**EXERCISE DATA:**
_ _ _ _ _

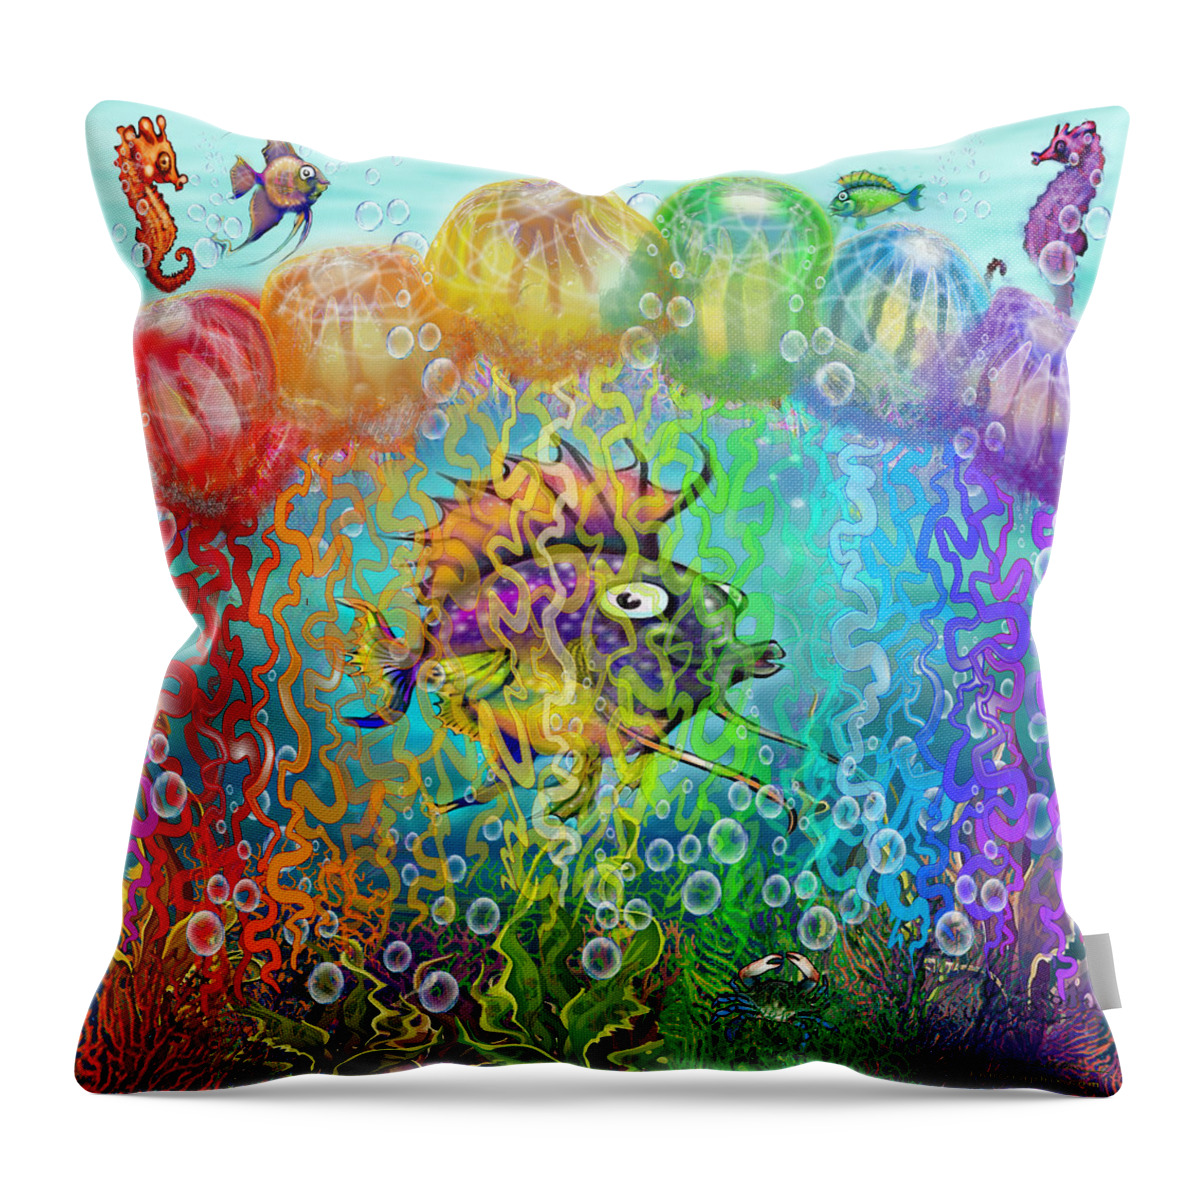 Rainbow Throw Pillow featuring the digital art Rainbow Tentacles #1 by Kevin Middleton
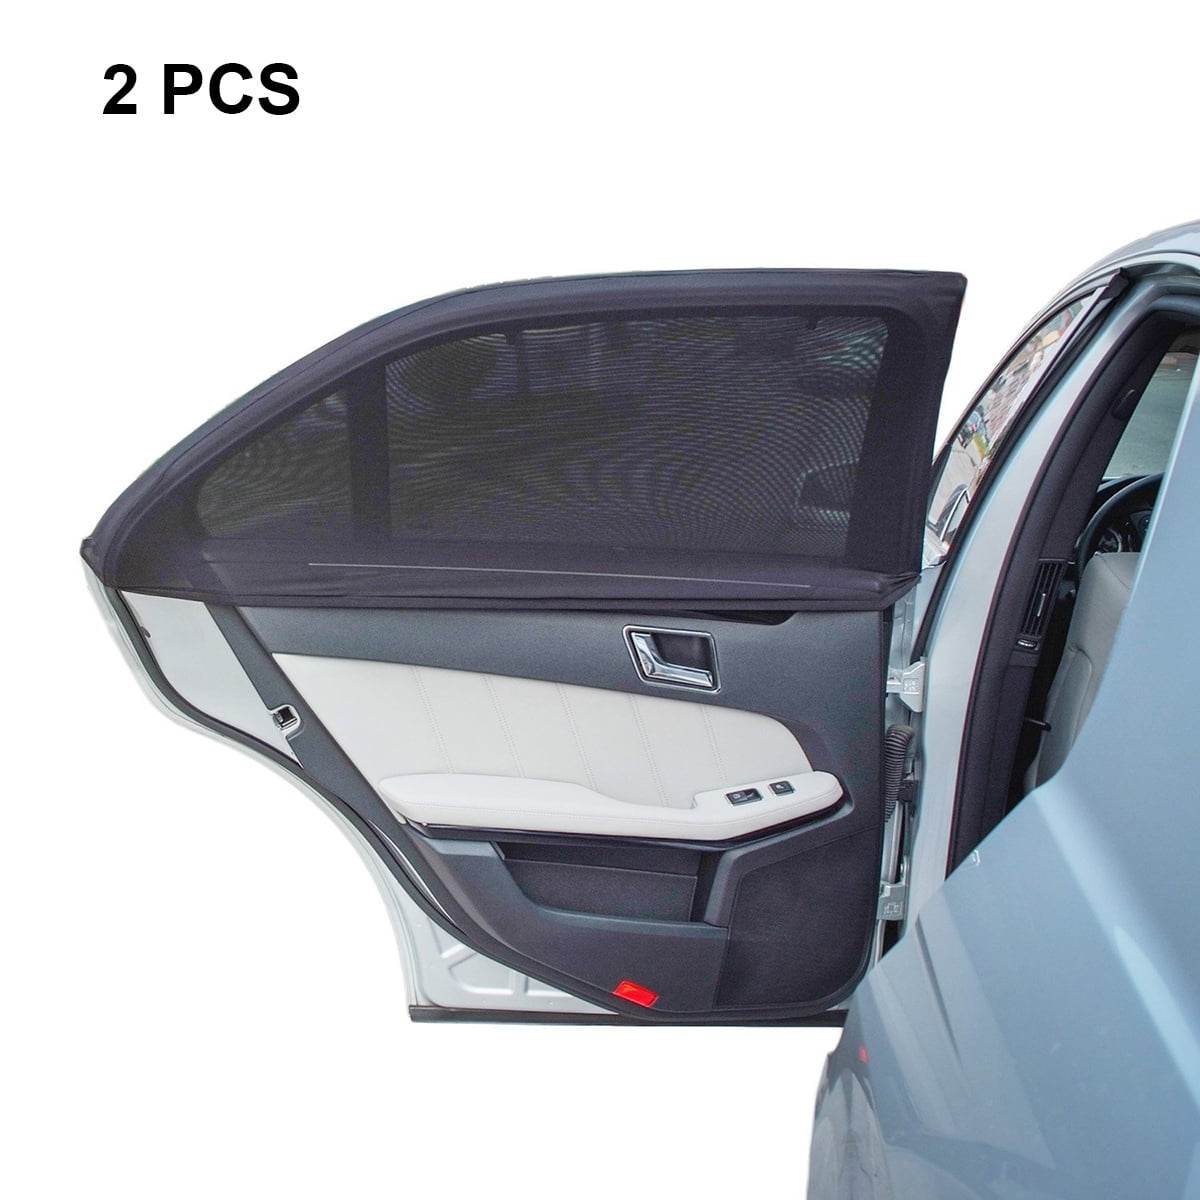 of Cars－Protect Kids Pet from The Sun,UV Rays－2 Pack MerryXD Car Window Shade,【2019 Upgrade Version】 Breathable Mesh Car Rear Side Window Shade Cover Full Windows－Universal Fit for Most 95% 
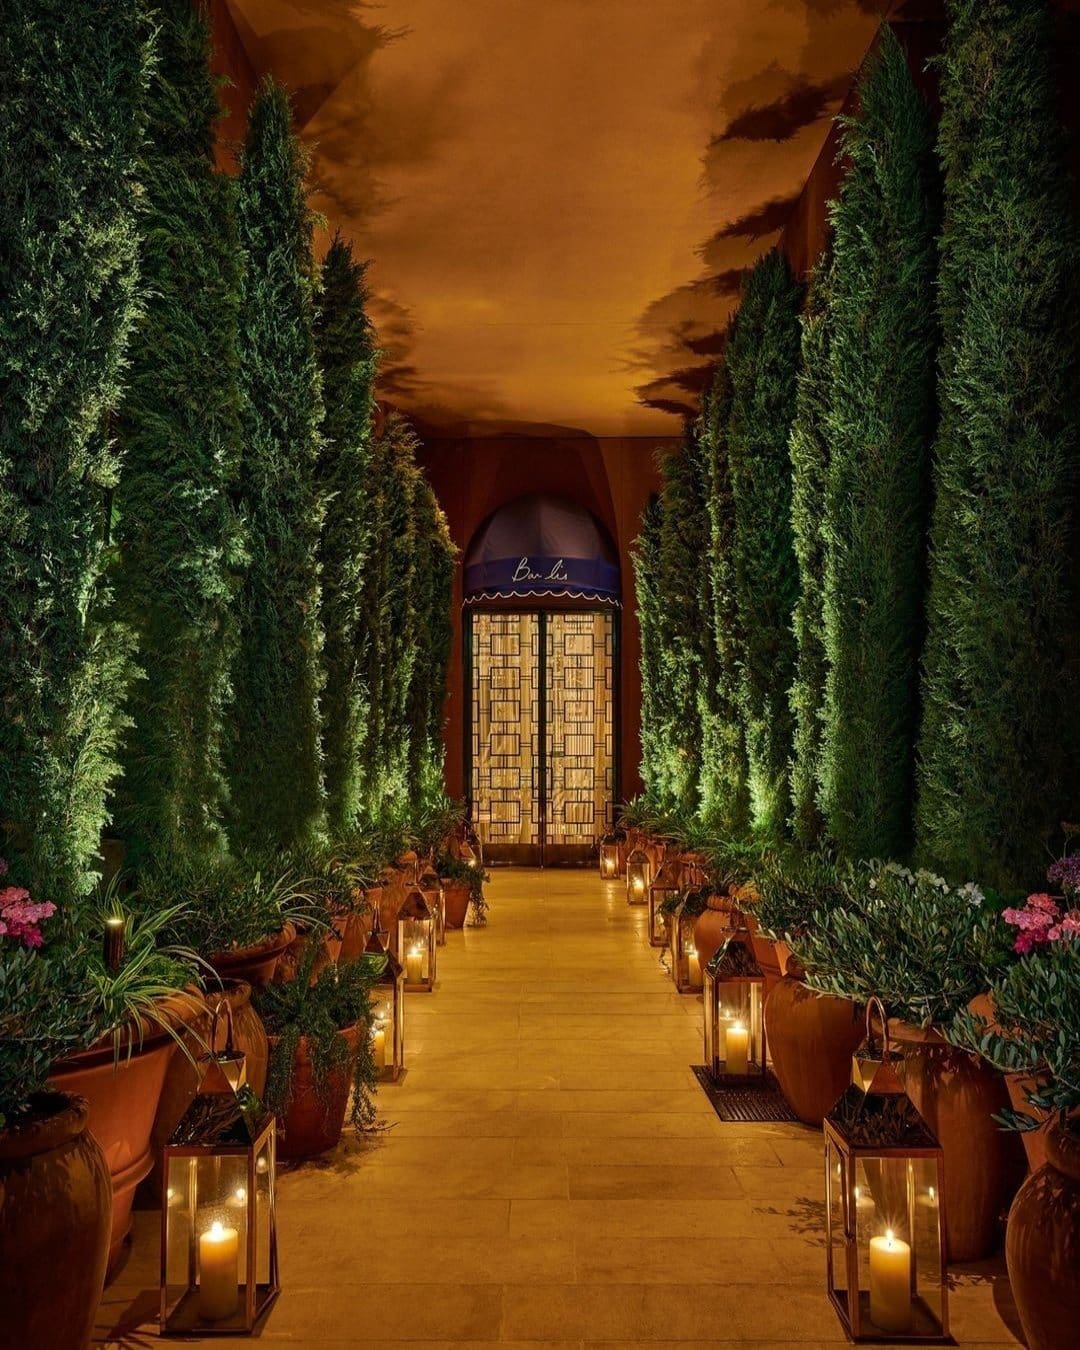 Tree-lined entrance to Bar Lis in Los Angeles
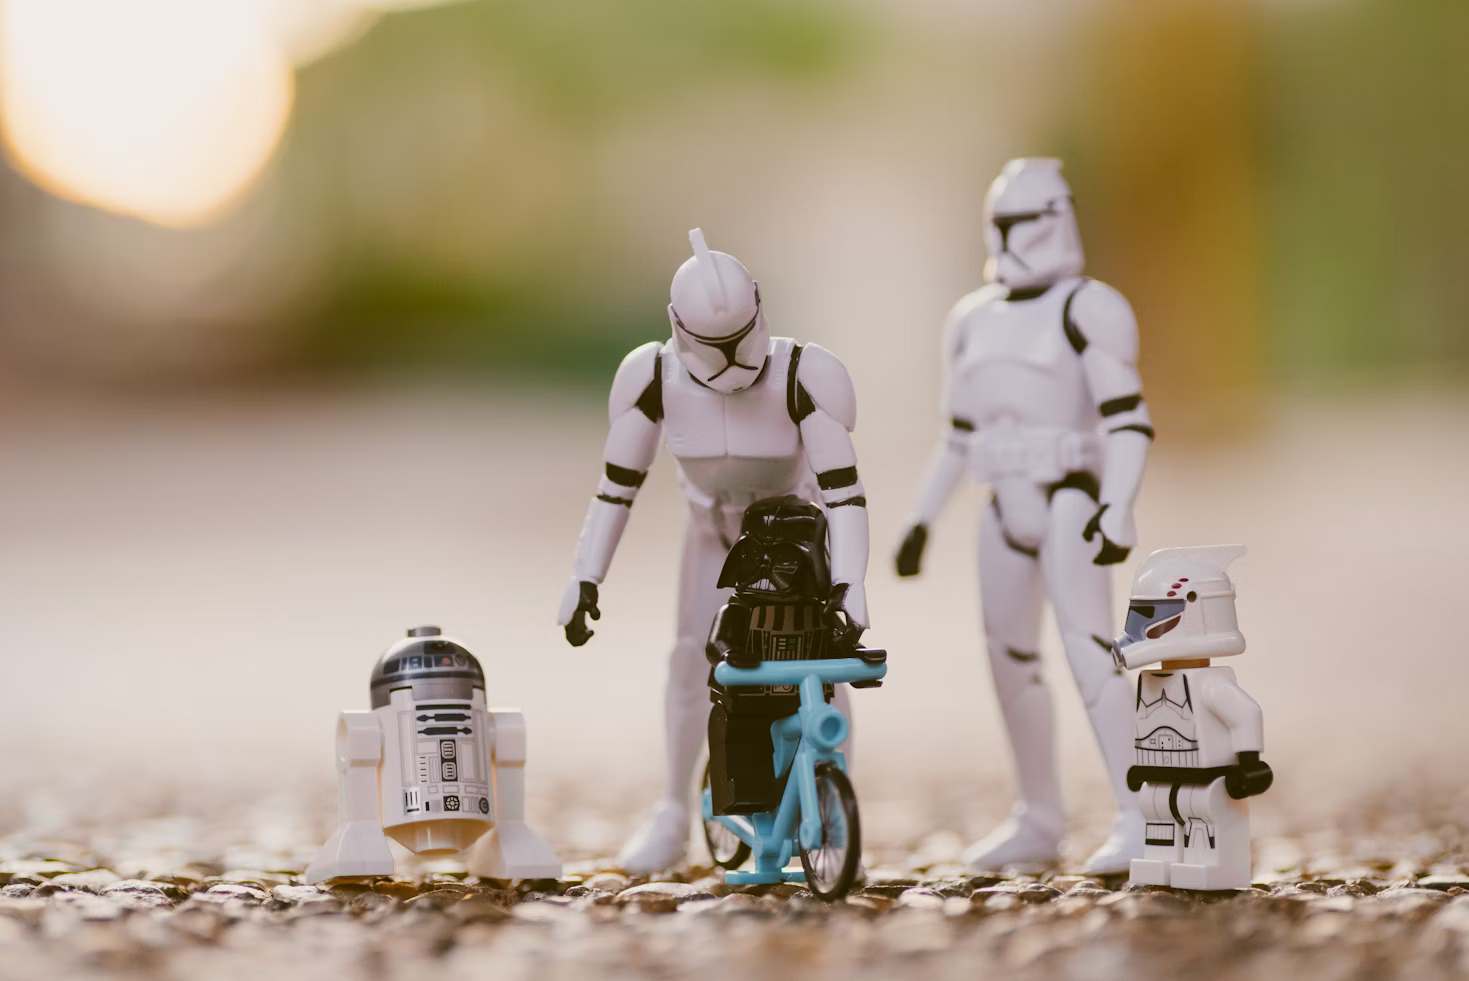 Selective focus photography of star wars stormtropper r2 d2 and darth vader toys

_ _ _ _ _

**WHAT THE TASK REQUIRES:**
Each line above must be repeated exactly in the answer, with pictures omitted.

**EXERCISE RESPONSE:**
 Rainbow Throw Pillow featuring the digital art Rainbow Tentacles #1 by Kevin Middleton
 of Cars－Protect Kids Pet from The Sun,UV Rays－2 Pack MerryXD Car Window Shade,【2019 Upgrade Version】 Breathable Mesh Car Rear Side Window Shade Cover Full Windows－Universal Fit for Most 95% 
 Tree-lined entrance to Bar Lis in Los Angeles
 Selective focus photography of star wars stormtropper r2 d2 and darth vader toys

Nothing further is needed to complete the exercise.